* [Dataset items]
- Opening Delimiter -
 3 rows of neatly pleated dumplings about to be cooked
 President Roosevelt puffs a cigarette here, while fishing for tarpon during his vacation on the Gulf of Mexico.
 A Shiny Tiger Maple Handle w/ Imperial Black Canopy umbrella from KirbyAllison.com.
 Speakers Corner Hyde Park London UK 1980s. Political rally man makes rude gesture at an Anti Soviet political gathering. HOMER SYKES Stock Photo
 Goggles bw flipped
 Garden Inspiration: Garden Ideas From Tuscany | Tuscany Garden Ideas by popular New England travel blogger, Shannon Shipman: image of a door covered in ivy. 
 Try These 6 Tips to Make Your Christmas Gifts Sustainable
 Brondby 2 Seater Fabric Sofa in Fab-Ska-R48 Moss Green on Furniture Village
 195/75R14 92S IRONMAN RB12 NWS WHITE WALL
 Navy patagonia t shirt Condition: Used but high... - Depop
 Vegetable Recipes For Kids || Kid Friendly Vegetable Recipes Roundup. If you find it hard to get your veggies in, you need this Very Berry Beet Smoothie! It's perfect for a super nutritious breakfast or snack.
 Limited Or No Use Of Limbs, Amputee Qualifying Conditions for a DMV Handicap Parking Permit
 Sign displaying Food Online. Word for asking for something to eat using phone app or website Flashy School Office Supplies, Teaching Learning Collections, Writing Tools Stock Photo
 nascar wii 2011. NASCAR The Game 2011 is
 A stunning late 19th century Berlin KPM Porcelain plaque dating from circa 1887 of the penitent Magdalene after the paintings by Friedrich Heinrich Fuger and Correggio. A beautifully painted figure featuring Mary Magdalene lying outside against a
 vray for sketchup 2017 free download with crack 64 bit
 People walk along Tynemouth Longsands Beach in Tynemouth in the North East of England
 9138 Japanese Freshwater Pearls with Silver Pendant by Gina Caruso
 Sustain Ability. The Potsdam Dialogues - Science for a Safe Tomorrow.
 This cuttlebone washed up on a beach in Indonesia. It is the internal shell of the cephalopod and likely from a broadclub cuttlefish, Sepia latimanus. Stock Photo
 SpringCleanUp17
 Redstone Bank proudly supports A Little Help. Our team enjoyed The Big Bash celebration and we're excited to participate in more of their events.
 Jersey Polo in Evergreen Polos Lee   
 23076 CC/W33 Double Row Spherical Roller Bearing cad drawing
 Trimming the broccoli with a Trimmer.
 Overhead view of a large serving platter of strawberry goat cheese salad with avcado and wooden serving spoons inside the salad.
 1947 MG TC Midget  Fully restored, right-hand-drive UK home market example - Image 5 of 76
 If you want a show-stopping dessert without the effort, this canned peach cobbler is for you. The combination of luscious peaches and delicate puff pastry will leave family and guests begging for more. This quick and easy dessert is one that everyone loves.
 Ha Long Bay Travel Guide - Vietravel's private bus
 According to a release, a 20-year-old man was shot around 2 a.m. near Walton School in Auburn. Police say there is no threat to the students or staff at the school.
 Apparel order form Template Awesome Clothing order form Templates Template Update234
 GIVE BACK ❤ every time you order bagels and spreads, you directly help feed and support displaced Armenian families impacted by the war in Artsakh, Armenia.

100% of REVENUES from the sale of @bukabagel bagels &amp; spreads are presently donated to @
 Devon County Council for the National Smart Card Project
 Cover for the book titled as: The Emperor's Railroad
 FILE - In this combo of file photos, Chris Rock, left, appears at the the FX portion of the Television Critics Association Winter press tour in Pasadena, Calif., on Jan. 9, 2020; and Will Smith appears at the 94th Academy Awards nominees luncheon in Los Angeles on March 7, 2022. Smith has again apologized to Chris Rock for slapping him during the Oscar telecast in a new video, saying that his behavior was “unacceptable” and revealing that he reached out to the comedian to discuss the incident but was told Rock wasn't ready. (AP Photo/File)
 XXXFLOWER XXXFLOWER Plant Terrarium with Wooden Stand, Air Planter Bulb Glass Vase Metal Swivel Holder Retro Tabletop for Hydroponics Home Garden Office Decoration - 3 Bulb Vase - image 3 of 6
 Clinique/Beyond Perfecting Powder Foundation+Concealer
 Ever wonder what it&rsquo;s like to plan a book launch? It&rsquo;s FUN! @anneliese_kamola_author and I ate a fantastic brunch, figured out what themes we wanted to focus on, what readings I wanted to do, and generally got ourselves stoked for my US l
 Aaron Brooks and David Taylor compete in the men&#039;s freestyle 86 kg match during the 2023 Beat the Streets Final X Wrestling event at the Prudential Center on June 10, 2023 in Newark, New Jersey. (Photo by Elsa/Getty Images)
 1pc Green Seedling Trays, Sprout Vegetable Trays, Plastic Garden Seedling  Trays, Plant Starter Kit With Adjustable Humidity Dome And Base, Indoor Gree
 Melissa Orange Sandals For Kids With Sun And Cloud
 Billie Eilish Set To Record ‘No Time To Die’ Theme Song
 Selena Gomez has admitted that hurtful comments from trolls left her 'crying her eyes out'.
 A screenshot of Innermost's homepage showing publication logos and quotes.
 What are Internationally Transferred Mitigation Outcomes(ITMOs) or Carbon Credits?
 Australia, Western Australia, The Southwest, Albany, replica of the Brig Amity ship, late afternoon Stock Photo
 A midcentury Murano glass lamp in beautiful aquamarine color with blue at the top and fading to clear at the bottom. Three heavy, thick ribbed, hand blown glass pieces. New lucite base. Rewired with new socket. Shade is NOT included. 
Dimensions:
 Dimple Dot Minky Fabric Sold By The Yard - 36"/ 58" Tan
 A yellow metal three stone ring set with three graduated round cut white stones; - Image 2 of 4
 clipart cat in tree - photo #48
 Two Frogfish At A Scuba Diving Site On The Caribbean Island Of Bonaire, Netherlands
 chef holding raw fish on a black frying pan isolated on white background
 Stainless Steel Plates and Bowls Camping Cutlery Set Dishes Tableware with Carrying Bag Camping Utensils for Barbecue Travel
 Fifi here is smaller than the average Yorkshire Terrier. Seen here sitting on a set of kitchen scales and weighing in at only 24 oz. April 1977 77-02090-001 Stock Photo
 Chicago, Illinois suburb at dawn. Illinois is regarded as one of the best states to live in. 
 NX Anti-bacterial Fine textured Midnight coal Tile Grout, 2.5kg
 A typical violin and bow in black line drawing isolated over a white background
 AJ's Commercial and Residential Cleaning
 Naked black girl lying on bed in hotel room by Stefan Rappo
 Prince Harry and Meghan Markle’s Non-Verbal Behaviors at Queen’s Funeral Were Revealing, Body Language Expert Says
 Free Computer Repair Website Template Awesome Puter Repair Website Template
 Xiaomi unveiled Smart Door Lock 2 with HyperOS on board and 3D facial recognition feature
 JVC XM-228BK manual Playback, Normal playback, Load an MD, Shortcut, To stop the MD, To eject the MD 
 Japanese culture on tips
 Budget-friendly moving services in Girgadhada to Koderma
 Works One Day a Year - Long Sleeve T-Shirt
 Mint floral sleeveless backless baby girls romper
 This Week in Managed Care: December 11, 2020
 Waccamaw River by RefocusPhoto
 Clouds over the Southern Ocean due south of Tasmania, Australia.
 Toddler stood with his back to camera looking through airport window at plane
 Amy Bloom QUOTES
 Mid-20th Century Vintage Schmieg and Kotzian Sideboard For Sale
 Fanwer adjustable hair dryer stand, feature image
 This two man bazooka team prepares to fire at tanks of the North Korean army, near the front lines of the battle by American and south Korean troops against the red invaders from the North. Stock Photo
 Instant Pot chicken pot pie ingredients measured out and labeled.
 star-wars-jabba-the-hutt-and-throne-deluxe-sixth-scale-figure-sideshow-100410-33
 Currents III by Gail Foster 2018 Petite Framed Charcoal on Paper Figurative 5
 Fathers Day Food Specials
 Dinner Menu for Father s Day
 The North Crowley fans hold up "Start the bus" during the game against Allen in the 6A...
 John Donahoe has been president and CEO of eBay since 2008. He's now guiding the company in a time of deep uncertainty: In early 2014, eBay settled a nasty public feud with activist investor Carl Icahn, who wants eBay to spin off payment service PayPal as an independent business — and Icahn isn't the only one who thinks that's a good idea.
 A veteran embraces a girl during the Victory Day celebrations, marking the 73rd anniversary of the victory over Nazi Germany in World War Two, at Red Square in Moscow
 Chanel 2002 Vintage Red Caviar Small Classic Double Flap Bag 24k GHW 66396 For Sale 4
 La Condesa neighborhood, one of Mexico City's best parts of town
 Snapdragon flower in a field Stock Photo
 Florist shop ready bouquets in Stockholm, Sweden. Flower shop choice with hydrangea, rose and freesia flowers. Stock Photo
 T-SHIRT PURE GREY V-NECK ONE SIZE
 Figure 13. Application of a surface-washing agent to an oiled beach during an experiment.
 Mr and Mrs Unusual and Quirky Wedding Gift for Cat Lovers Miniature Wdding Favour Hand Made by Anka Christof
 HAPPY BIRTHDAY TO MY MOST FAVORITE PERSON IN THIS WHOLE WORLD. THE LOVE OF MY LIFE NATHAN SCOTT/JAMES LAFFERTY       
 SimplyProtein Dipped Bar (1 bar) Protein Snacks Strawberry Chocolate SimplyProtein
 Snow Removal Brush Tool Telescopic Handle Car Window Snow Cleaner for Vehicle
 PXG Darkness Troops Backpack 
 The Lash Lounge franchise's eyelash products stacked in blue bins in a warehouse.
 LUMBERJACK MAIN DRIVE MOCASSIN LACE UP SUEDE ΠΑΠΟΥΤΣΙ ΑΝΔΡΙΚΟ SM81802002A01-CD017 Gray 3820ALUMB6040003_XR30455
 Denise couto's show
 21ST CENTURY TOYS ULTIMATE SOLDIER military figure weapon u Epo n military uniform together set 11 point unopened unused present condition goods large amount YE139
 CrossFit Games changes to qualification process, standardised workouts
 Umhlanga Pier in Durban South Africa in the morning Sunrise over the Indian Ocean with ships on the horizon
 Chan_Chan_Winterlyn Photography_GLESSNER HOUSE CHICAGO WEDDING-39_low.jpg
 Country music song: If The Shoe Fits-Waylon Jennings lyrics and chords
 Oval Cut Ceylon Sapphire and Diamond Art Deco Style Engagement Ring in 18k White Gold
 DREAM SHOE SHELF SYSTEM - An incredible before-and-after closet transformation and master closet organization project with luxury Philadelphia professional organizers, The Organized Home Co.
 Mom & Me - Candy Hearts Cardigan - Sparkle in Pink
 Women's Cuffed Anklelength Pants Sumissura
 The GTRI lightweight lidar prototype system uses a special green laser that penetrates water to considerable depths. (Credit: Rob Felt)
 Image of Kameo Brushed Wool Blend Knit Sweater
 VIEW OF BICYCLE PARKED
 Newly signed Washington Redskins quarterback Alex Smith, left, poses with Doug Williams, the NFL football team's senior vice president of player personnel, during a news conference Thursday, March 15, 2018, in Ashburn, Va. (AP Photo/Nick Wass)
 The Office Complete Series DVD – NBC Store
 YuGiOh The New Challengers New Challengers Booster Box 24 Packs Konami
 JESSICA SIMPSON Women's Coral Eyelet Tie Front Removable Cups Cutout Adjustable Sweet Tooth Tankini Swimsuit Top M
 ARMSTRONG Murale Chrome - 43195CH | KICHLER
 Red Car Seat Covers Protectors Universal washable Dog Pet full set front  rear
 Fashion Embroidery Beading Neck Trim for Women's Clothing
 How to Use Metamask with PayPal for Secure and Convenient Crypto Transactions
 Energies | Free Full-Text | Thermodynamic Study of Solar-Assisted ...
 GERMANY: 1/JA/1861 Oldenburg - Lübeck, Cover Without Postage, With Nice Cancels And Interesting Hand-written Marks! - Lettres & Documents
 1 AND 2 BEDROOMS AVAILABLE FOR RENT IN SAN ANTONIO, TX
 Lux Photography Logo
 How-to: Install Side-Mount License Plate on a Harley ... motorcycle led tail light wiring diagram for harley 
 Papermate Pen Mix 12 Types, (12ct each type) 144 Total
- Closing Delimiter -
* [TASK DIRECTIONS] Look through the entries and find each line that has the string "Ocean". Copy those lines.

* [ANSWER TO THIS EXERCISE]
 Clouds over the Southern Ocean due south of Tasmania, Australia.
 Umhlanga Pier in Durban South Africa in the morning Sunrise over the Indian Ocean with ships on the horizon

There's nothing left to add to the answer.